The Mathematical Association of America (MAA) is in the midst of a major revision of its recommendations for the undergraduate program in mathematics. Through its Committee on the Undergraduate Program in Mathematics (CUPM), the MAA will produce a report that reflects the views of a broad segment of the mathematics community and the partner disciplines. The goal is a document that will assist mathematics departments as they plan their programs through the first decade of the 21st century. Past CUPM recommendations have strongly influenced undergraduate mathematics instruction. Future recommendations should have similar influence.

Given the impact of mathematics instruction on the sciences and quantitative social sciences --- especially instruction during the first two years --- there is a need for significant input from these partner disciplines. Hence, the CUPM Subcommittee on Calculus Reform And the First Two Years (CRAFTY), the subgroup of the CUPM most concerned with the first two years of college mathematics instruction, is gathering the necessary information through a series of twelve disciplinary workshops. This effort, known as the Curriculum Foundations Project, will generate the foundational materials from which recommendations for the first two years of college mathematics will be constructed.

Each workshop consists of 20-30 participants, the majority chosen from the discipline under consideration, the remainder chosen from mathematics. Each workshop will result in a report addressing a series of questions formulated by CRAFTY. The basic set of questions provided to each workshop is the same.
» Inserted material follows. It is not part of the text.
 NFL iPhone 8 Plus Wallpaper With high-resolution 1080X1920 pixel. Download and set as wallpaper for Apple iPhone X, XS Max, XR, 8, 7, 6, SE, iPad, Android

The reports so produced will be widely circulated, within both the specific disciplines and the mathematics community, in order to solicit a broad range of comments. After such circulation, the reports will be published and used in the formulation of the ultimate CUPM curriculum recommendations. The workshop reports will also serve as valuable resources for encouraging discussions at individual institutions between mathematics departments and their partner disciplines.